Pushpay exists to bring people together by strengthening community, connection, and belonging. As the leading provider of mobile apps and giving technology to churches, schools, and nonprofits, Pushpay helps organizations and their communities stay connected anytime, anywhere.
About the Team:
Working alongside the Site Reliability Engineering and Product Engineering teams you will be embedded within a continuous delivery environment advocating for the product and organizational security. We are dedicated to the philosophy that security should be an enabler of the business and are constantly looking for ways to improve how we support and respond to the needs of the business.
About the Position:
We are looking for a security-minded, enthusiastic, smart and friendly Information Security Analyst to join our Auckland, NZ team. Your focus will be on product and platform security. You will work with engineers to help them design and implement secure solutions. You’ll be working collaboratively with a US based security analyst as well as the site reliability, engineering, product management and design team members to help us deliver secure solutions to our customers. This role reports to the Director of Site Reliability Engineering.
- Working with product and engineering to ensure that security is considered in all parts of the software development lifecycle, through the development of processes, practices, analysis, reviews, education and coaching.

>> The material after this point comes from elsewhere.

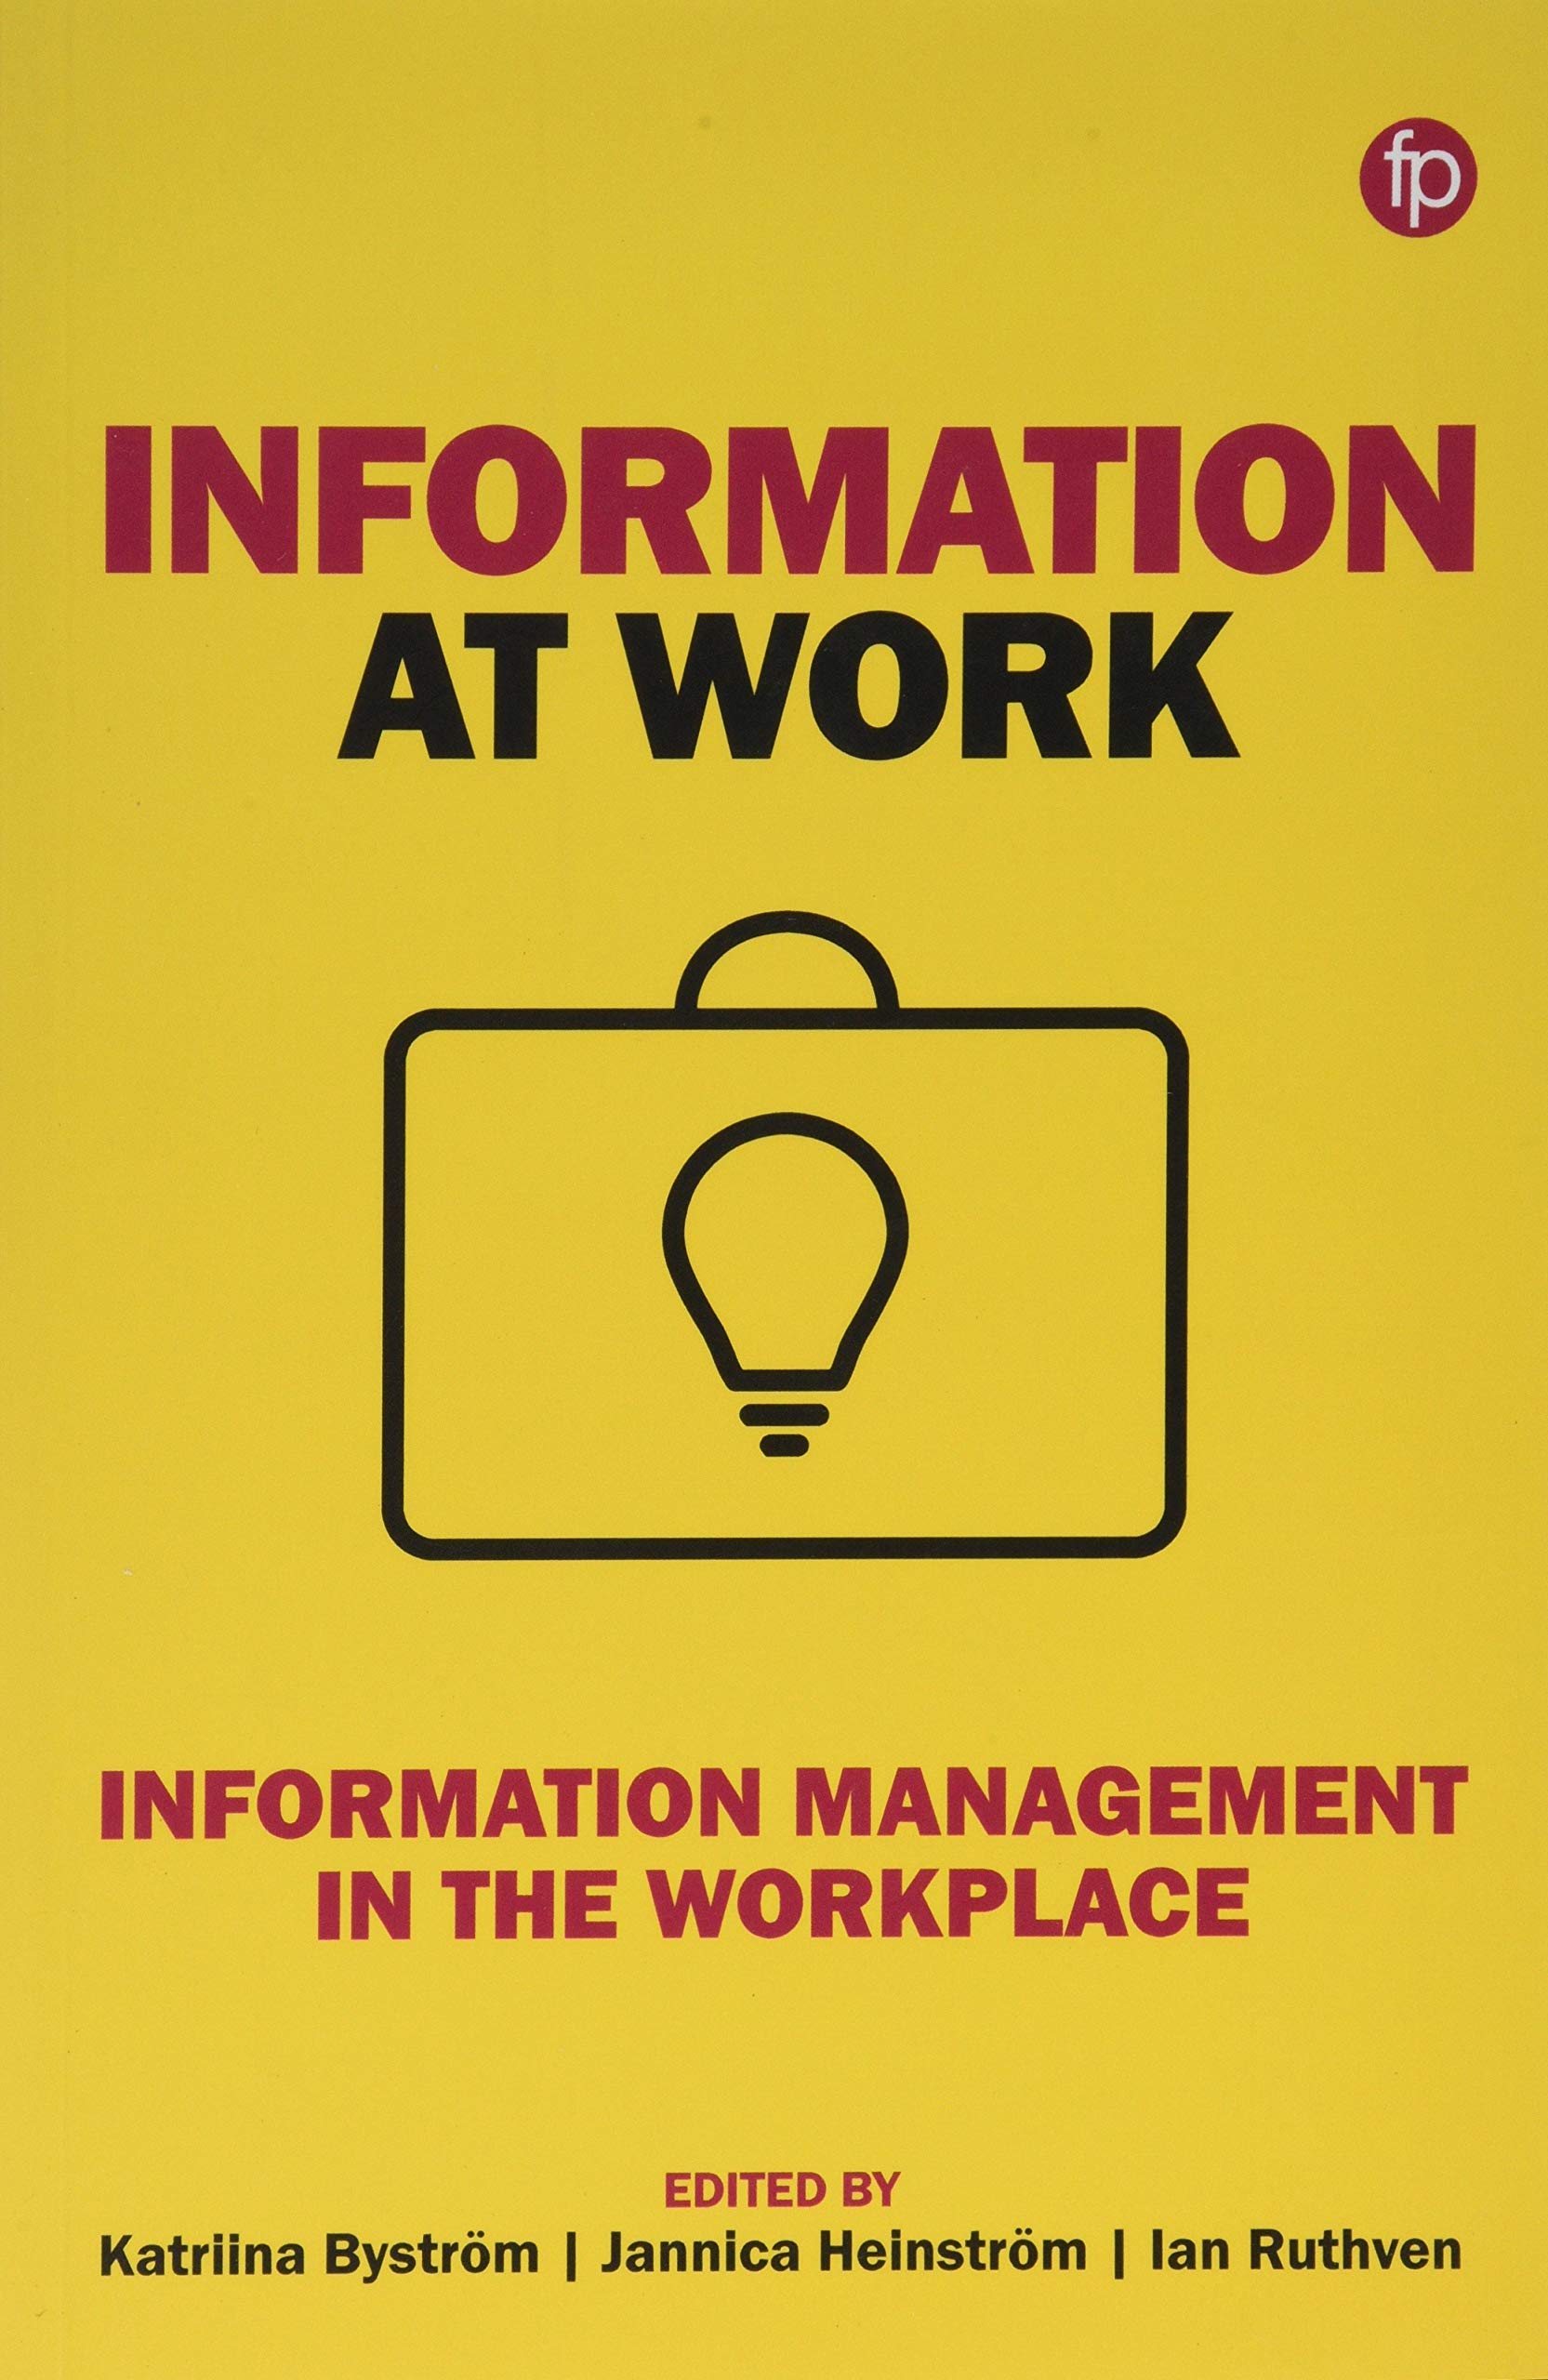 LIbri UK/US Bystroem, Katriina - Information At Work : Information Management In The Workplace NUOVO SIGILLATO, EDIZIONE DEL 26/01/2019 SUBITO DISPONIBILE

- Research new application security practices and implement them to improve application security
- Consult with other business units to provide security advice and assistance
- Configure and maintain security and monitoring tools and services
- Build and maintain our security-related tools that will improve the maintainability and security of our platform and the pace of development
- Partner with engineering teams to coordinate web application penetration tests, perform automated vulnerability scans, risk assessments and our regular PCI compliance tasks
- Perform critical web application security assessments, vulnerability scanning and testing
- Manage security-focused training program for Pushpay’s development team
- Manage and support the PCI compliance requirements
- Develop and maintain information security policies together with security team
- Conduct research on emerging security threats and potential customer impact
- Respond to technical security questions and concerns from across the business
- Incident management of security incidents or complex changes
- 5+ years experience with information technology security programs, audits, controls, assessments, risk assessments or remediation management preferably in a software development environment
- Knowledge of OWASP and other software security best practices
- Demonstrated expertise in effectively managing stakeholder expectations and communications
- Passion for deepening the technical knowledge of the broad aspects of information security
- A broad mix of business and technical skills coupled with a strong desire to learn
- Experience with external security standards (PCI, SOC2, ISO 27001 etc.)
- Knowledge of secure software development lifecycle (S-SDLC) or DevSecOps
- Industry certification (i.e. CISA, CISSP, SANS GIAC, etc.)